* [TASK GOAL]:
Return exactly the lines of the data below, from the one that contains "فيديو: عقد راية" through the final line, and leave out every picture.

* [DATA EXTRACT]:
────────────────────

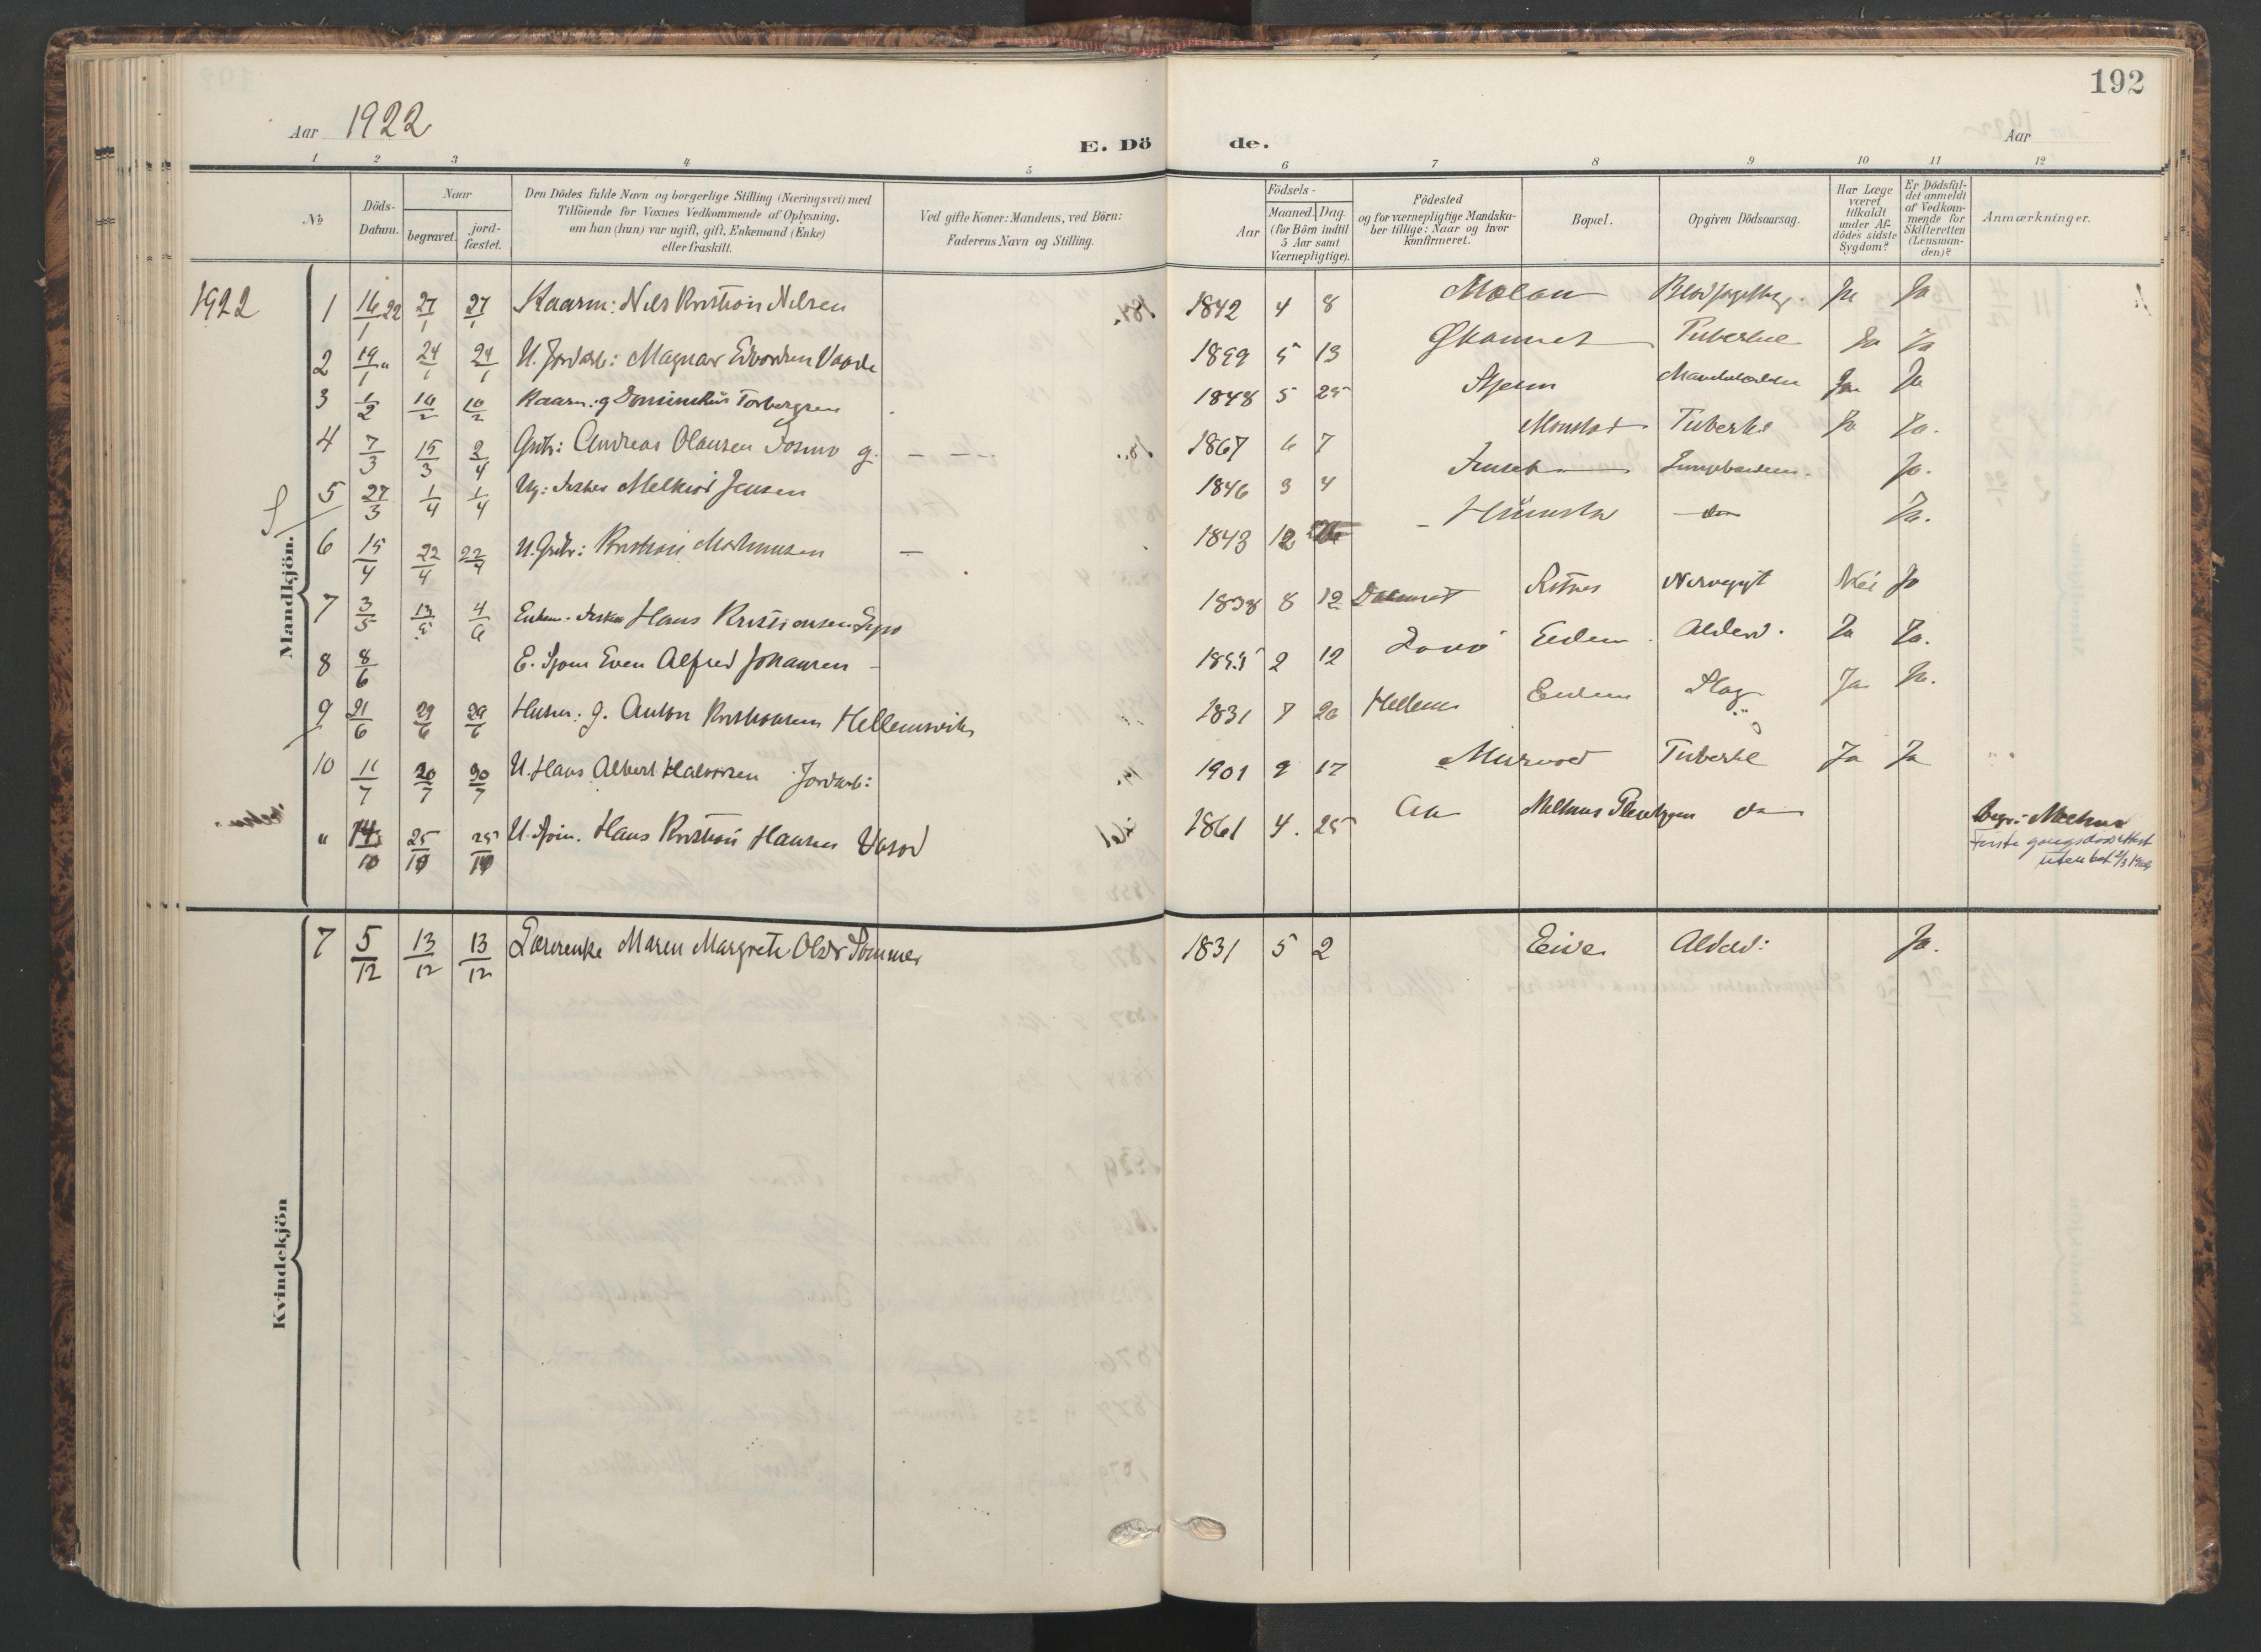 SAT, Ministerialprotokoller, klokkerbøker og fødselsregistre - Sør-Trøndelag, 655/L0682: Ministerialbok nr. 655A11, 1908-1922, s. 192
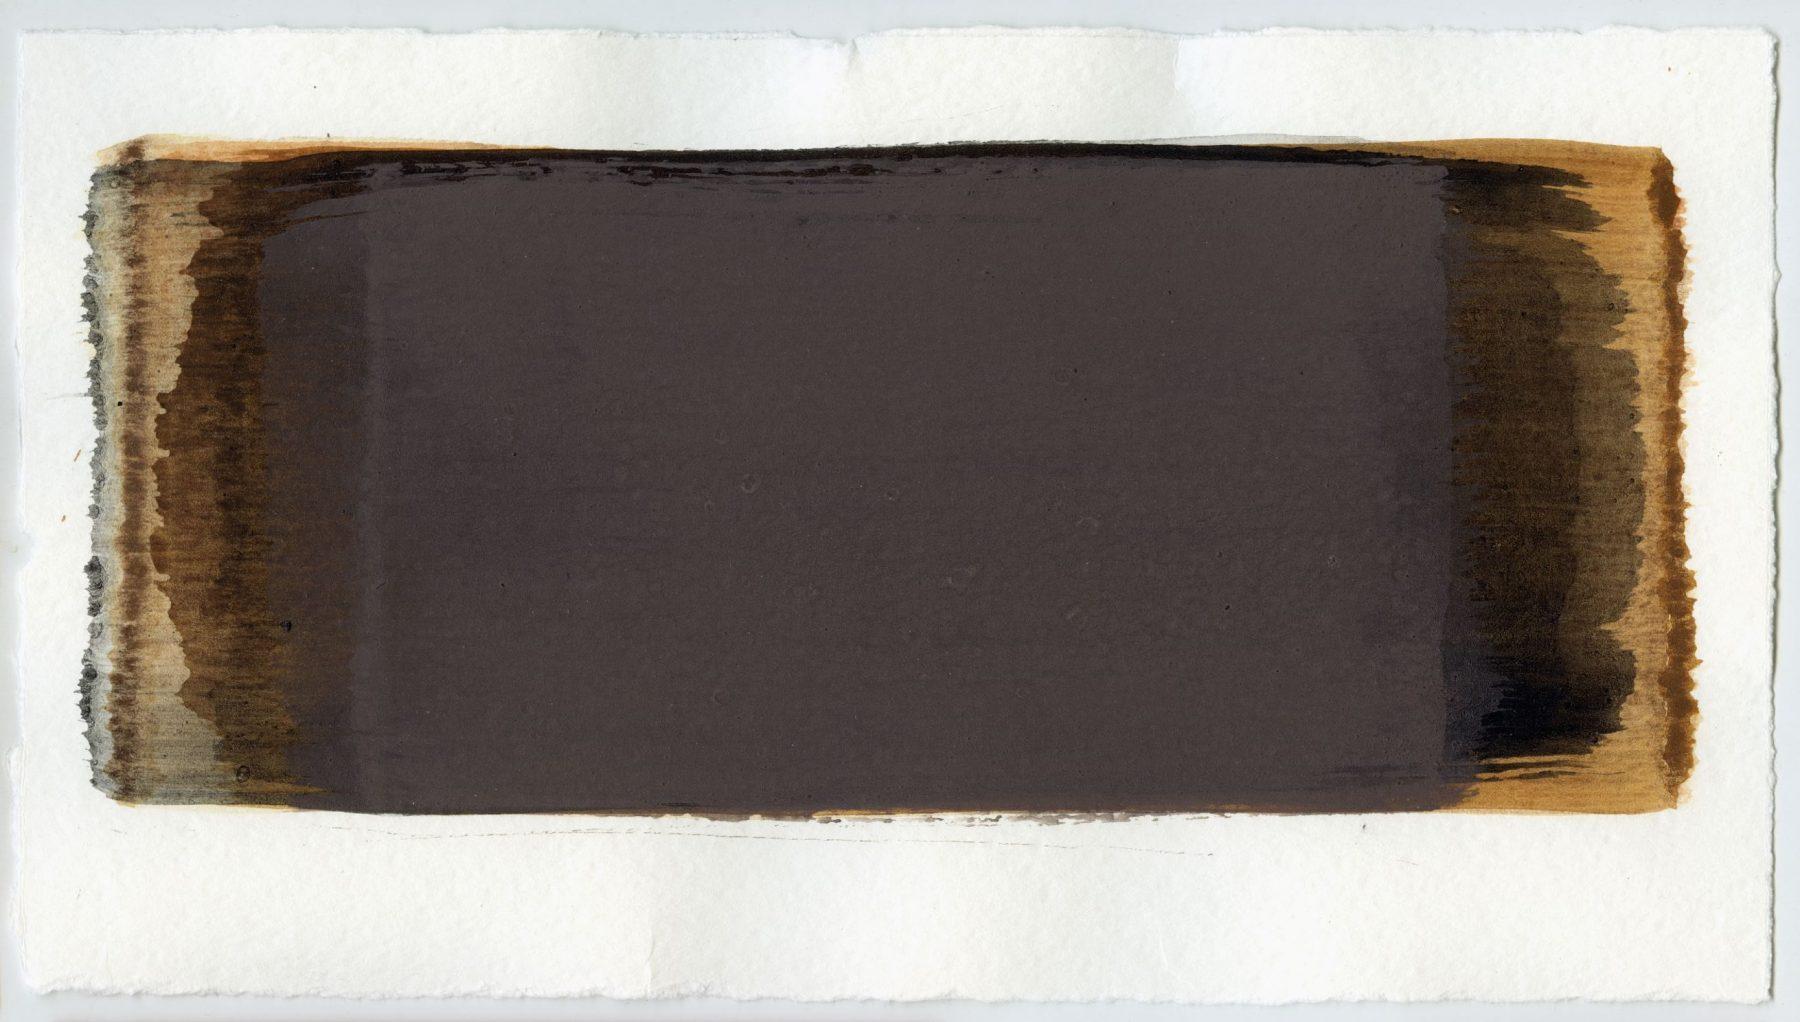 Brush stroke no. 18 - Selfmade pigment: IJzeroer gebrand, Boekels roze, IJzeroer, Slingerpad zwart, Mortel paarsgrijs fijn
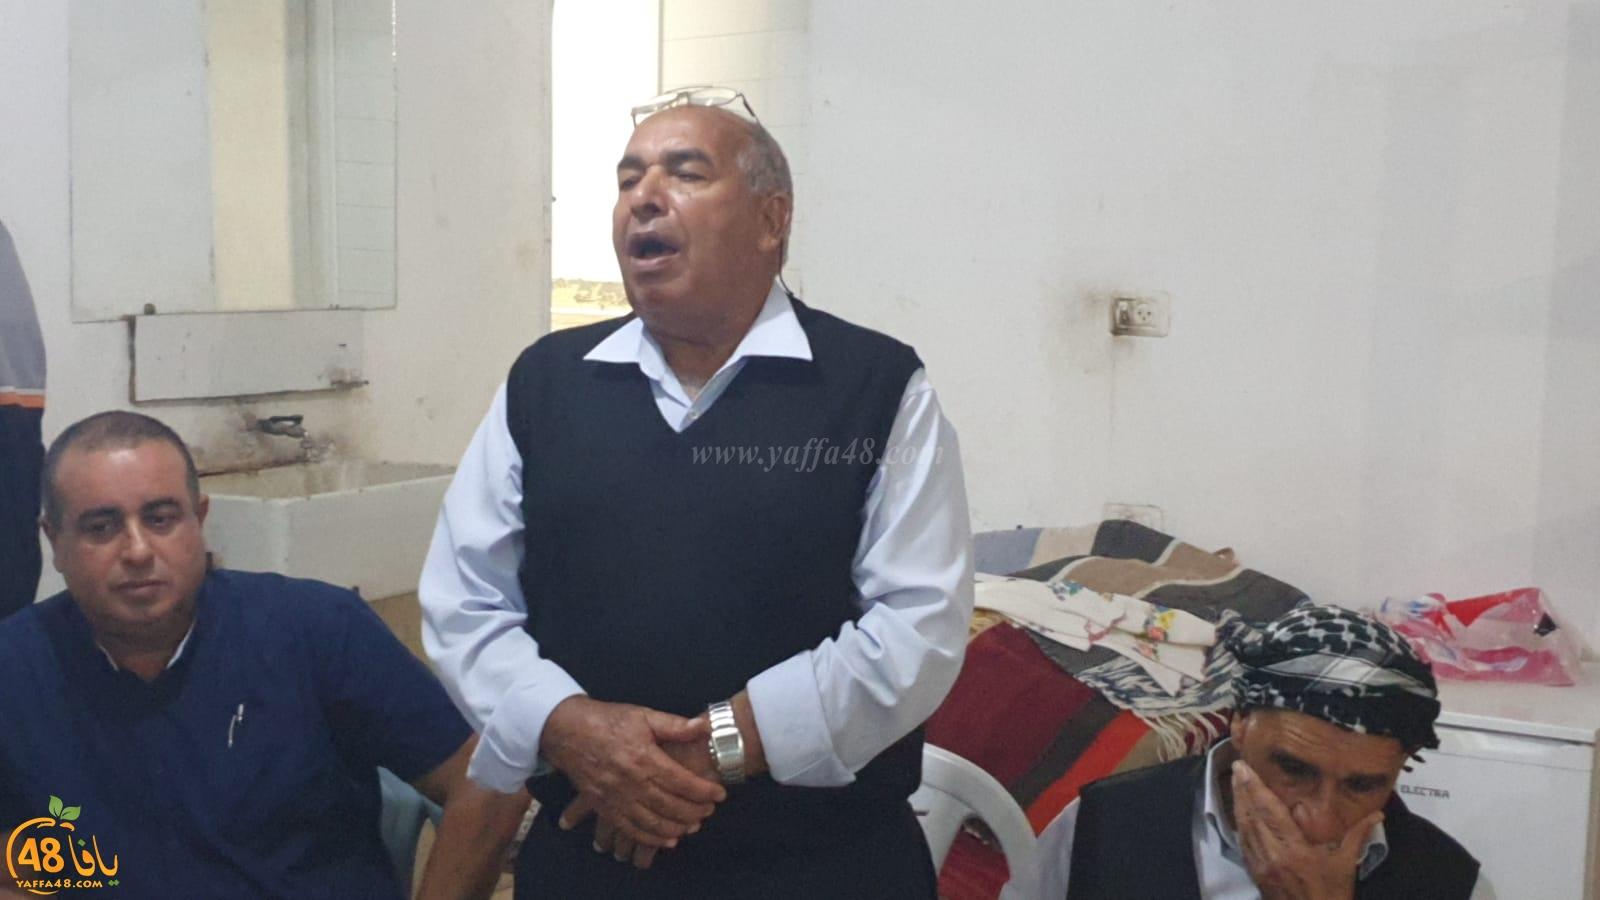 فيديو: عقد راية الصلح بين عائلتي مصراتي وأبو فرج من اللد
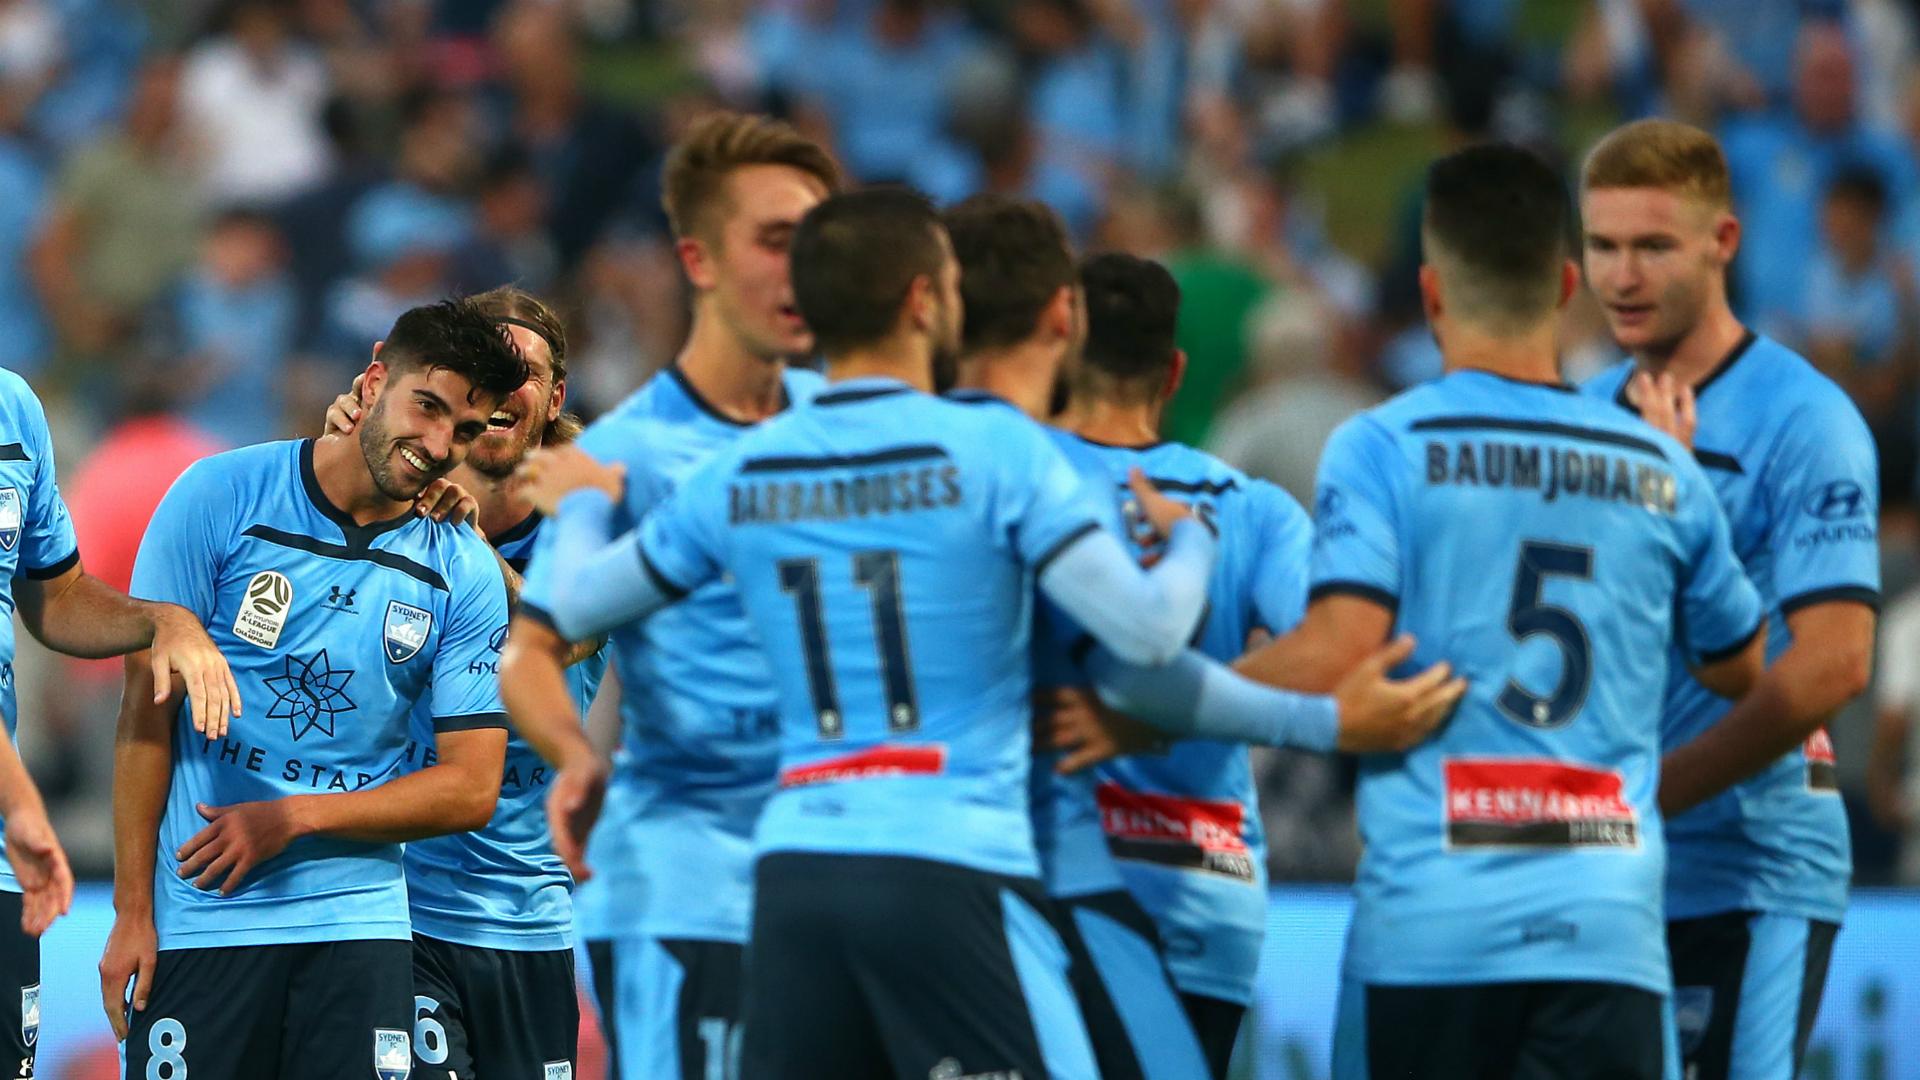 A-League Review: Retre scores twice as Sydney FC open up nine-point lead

────────────────────

* [RESULT FOR THIS EXERCISE]:
 فيديو: عقد راية الصلح بين عائلتي مصراتي وأبو فرج من اللد
 A-League Review: Retre scores twice as Sydney FC open up nine-point lead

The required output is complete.